Additionally, with regards to other protected classes, it’s usually clear who are the oppressed or discriminated-against: racial minorities, women, and so on – and who have the power and influence (for the sake of argument, let’s call them white, straight, Christian, able-bodied men) When it comes to age, however, it’s different.  Age discrimination laws are generally meant to protect the elderly from exclusion or discrimination, and yet it’s also older people (or more precisely, a segment of them) who wield the most power in society.

The contradiction isn’t that hard to resolve: if you’re otherwise privileged (by being wealthy, as well as white, male, etc.), that privilege tends to grow with age as you’re able to amass influence and build connections that you can leverage to enforce your will on society.  If you start out at a disadvantage (and yes, even straight white men can be disadvantaged economically and otherwise), you’re probably going to have a rough time as you get older.  Age cuts across other social identities and the combinations to create a constellation of power arrangements; in other words, intersectionality is real, y’all.

Meanwhile, the young, and even the under-18 year olds, are becoming increasingly politically active.  This last group is significant because these are individuals who, for obvious developmental and legal reasons, are extremely limited in their formal political powers.  And yet, they find themselves mobilizing as they face a host of issues that disproportionately affect them.  In the US, a group of brave survivors of mass violence like the Parkland school shooting and endemic violence like that in Chicago and other cities have taken the lead in advocating for gun control reform.  In the UK, the results of Brexit, which will have a long-term impact on current youth who are generally very positive about the European Union, is motivating a call to lower the voting age (had 16 and 17 year olds been able to vote, the UK might still have been part of the EU next year). And young people around the world, like Greta Thunberg, are increasingly concerned about climate change, aware that the pollution of their parents and grandparents will leave them with a planet that is literally less inhabitable than it was a generation or two ago.

These different age-based constituencies are starting to coalesce, not just around individual issues, but around the labels that have been placed on their generations: Baby Boomers, Millennials, Generations X through Z (I’m really hoping we start going for symbols – I nominate Generation@ as the next group).  And so we get to “Ok Boomer” which has elicited outrage from some Baby Boomers and amused curiosity from the general public. (Oh, and if we’re playing the “xxxx” is the n-word of XXXX “ game, then boomer, while dismissive, is not “the n-word of ageism”; “boomer” is the n-word of terms that are not at all like the n-word; let’s keep some perspective).

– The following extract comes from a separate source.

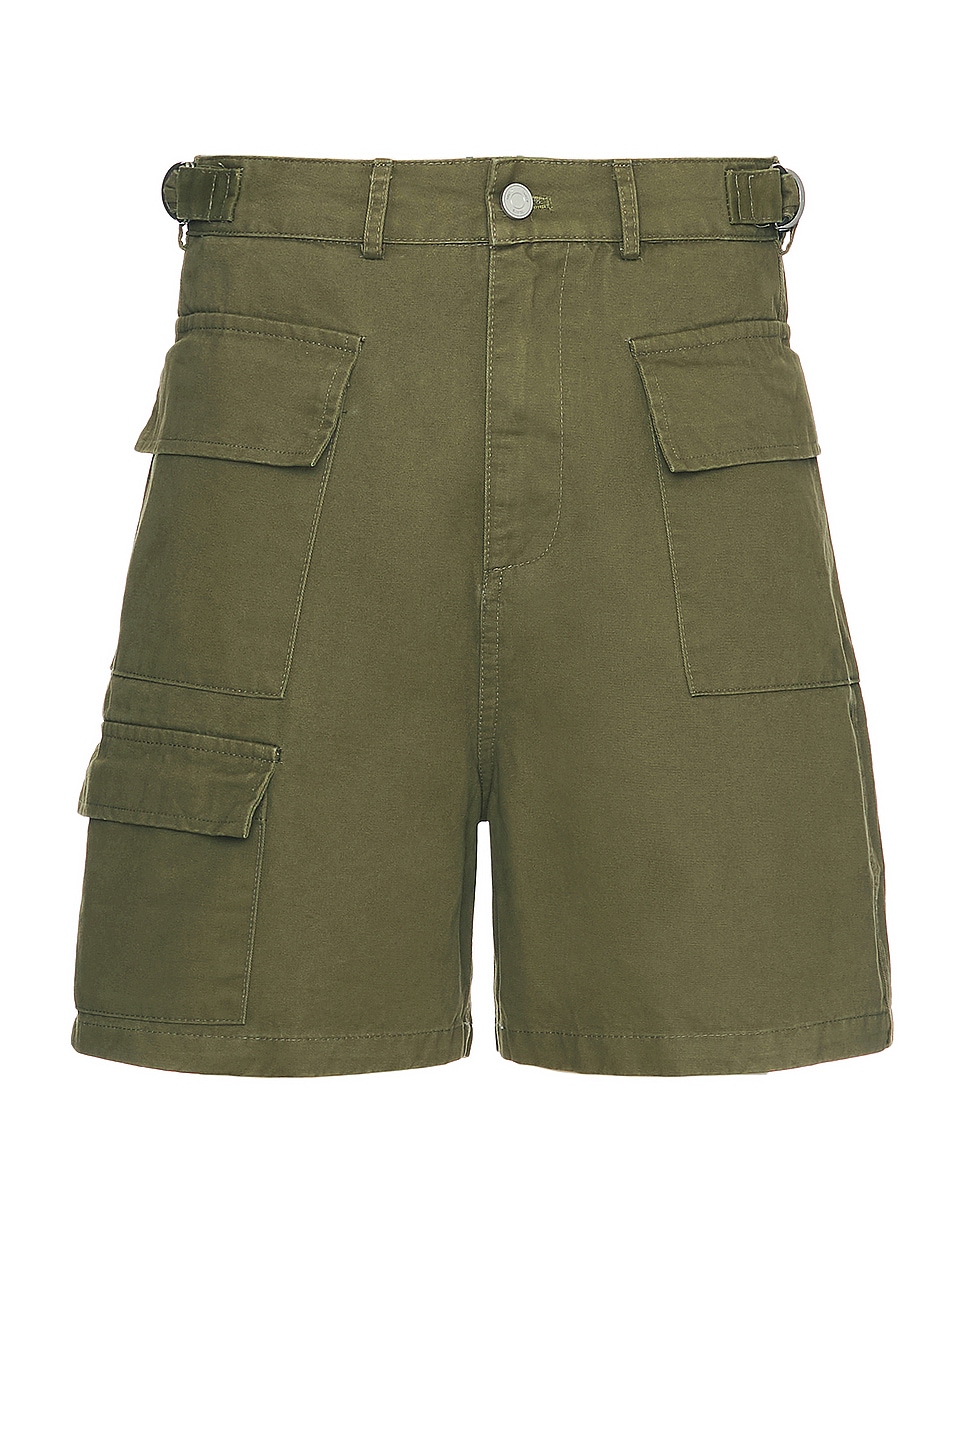 Image 1 of Found Twill Cargo Shorts in Vintage Olive

Nevertheless, “Boomers vs. Millennials” is shaping up as a recognized divide in competition for political power, policies, jobs, name-calling and mutually-dismissive attitudes towards one another. Age-based political divides are unlikely to supersede the many other divisions we already have (racism and sexism, religious differences and homophobia are pretty far ahead of ageism in the oppression marathon), but the explicit political activation of age-based groups shows how our political understandings are becoming increasingly complex and explicitly identity-based.